Google Bot mystery

This was no less than a mystery for the first timers. As I mentioned in my previous post that we shifted the server as our site was consuming over 100 GB of bandwidth a month and over few 4 GB of hard disk. The growth rate was the factor which made us take this decision. It was growing in terms of GB every month if not week.

As usual after the shift you are suppose to keep a check on the spiders esp the Google bot. Last time I faced a strange problem and lost almost all the cache. This time our team who were checking the raw log file directly and with log analyzer (sawmill, awstats) told me that Google bot is not visiting our site.
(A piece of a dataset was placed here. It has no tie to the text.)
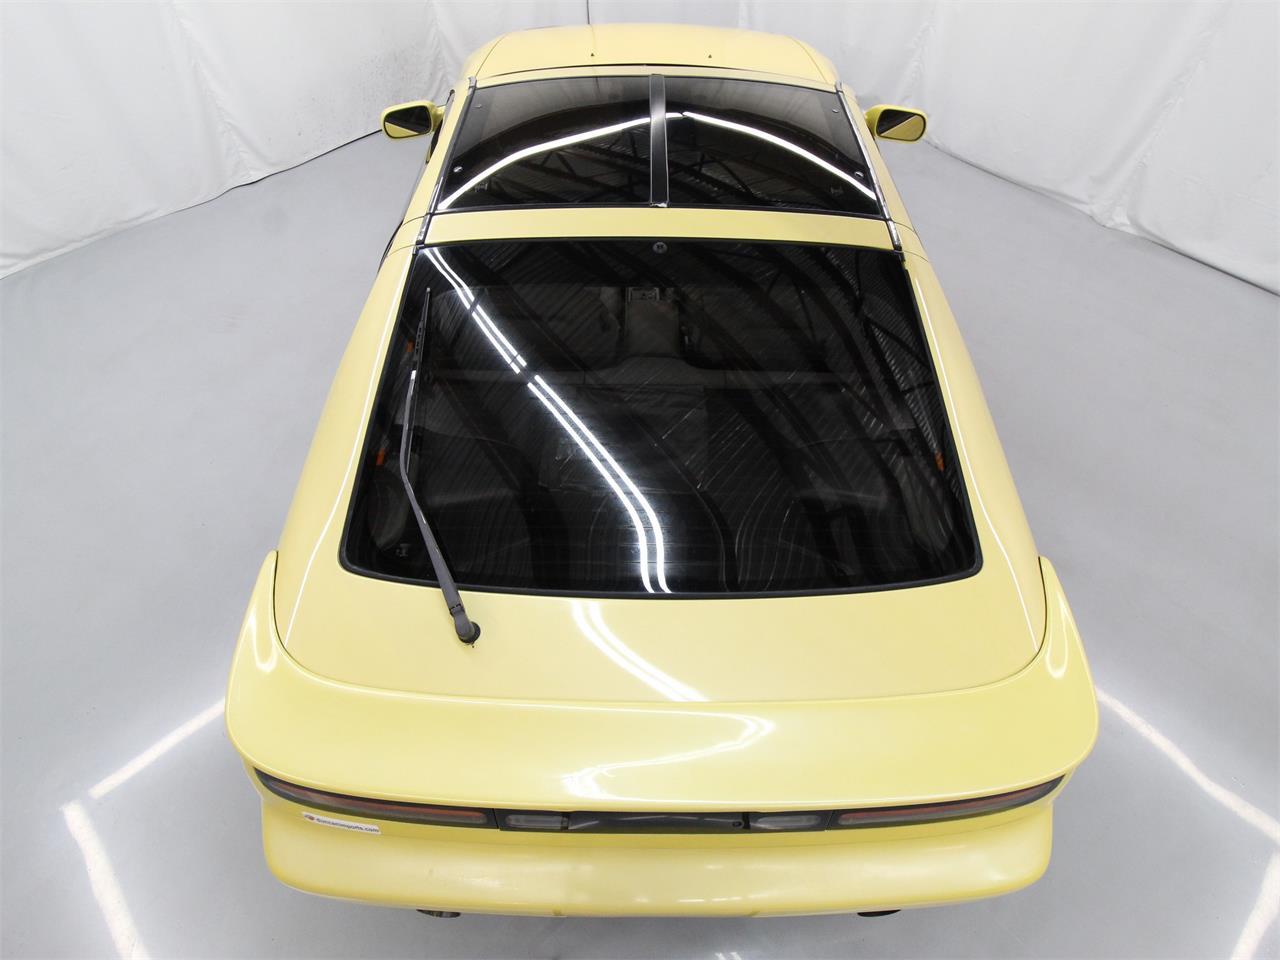 1989 Nissan Fairlady (CC-1276369) for sale in Christiansburg, Virginia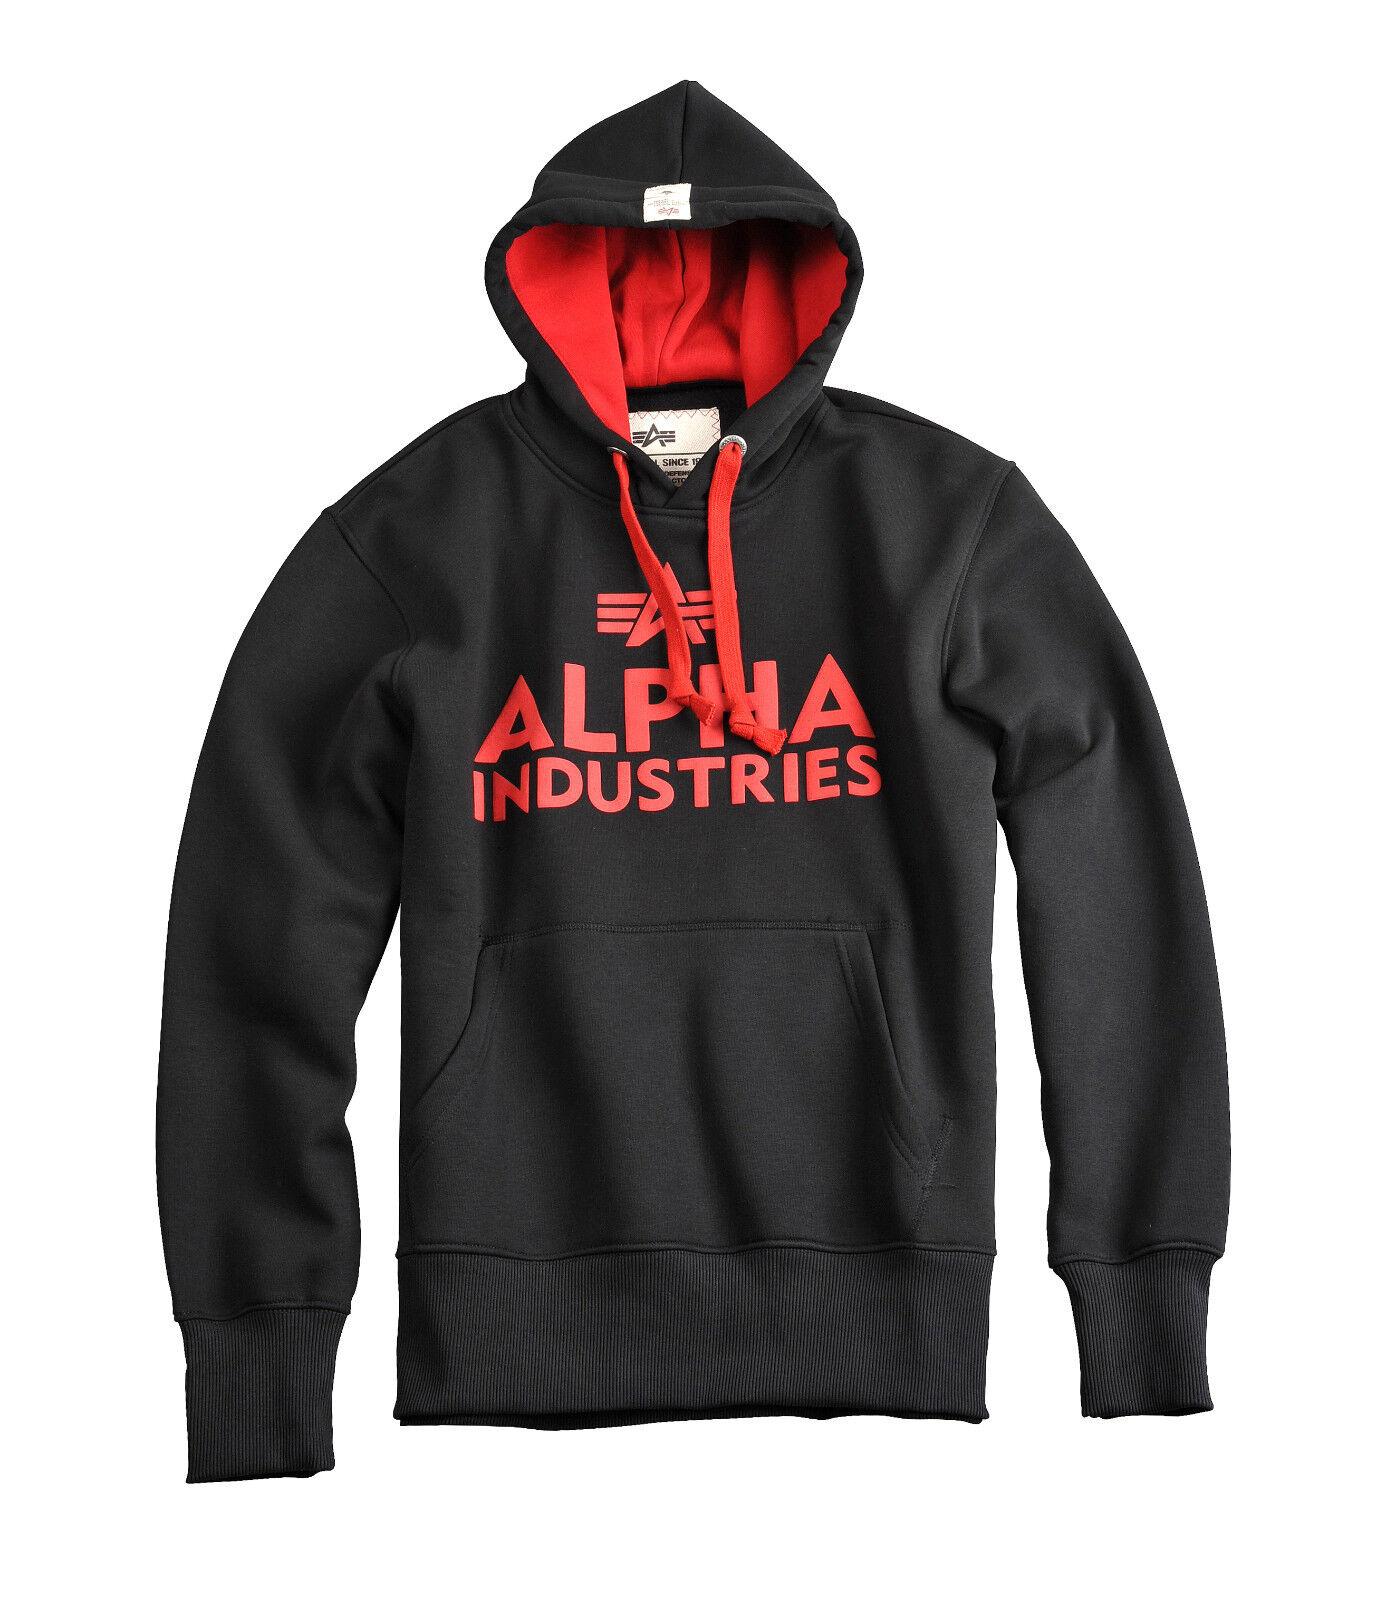 Alpha Alpha Alpha Industries Foam Print Hoody Pullover Uomo Training Felpa Cappuccio Rosso 1b5c28

I took it lightly and took it as their mistake as I could see the latest cache with Google. When the team forced me to look at the raw log file I found them with no guilt, they reported the truth. I did a grep and found no trace of Google bot. It certainly worried me.

I knew that without Google visiting our site it cant create the cache, I decided to check the log creation section. I also asked prabhat to check it. I saw that the log format is common. What does that mean? I started investigating more and found few documents :-

Format for common
LogFormat "%h %l %u %t \"%r\" %>s %b" common

Here

%…h: Remote host
%…u: Remote user (from auth; may be bogus if return status (%s) is 401)
%…l: Remote logname (from identd, if supplied)
%…t: Time, in common log format time format (standard english format)
%…r: First line of request
%…s: Status. For requests that got internally redirected, this is the status of the *original* request —
%…>s for the last.
%…b: Bytes sent, excluding HTTP headers. In CLF format It was not logging the user agent which keeps a track of google bot and other user agents.
Then i decided to go for NCSA extended/combined log format
“%h %l %u %t \”%r\” %>s %b \”%i\” \”%{User-agent}i\””
Here \”%i\” keeps a track of referral URLs and \”%{User-agent}i\”” of user agents.
For many of us it was no less that a mystery.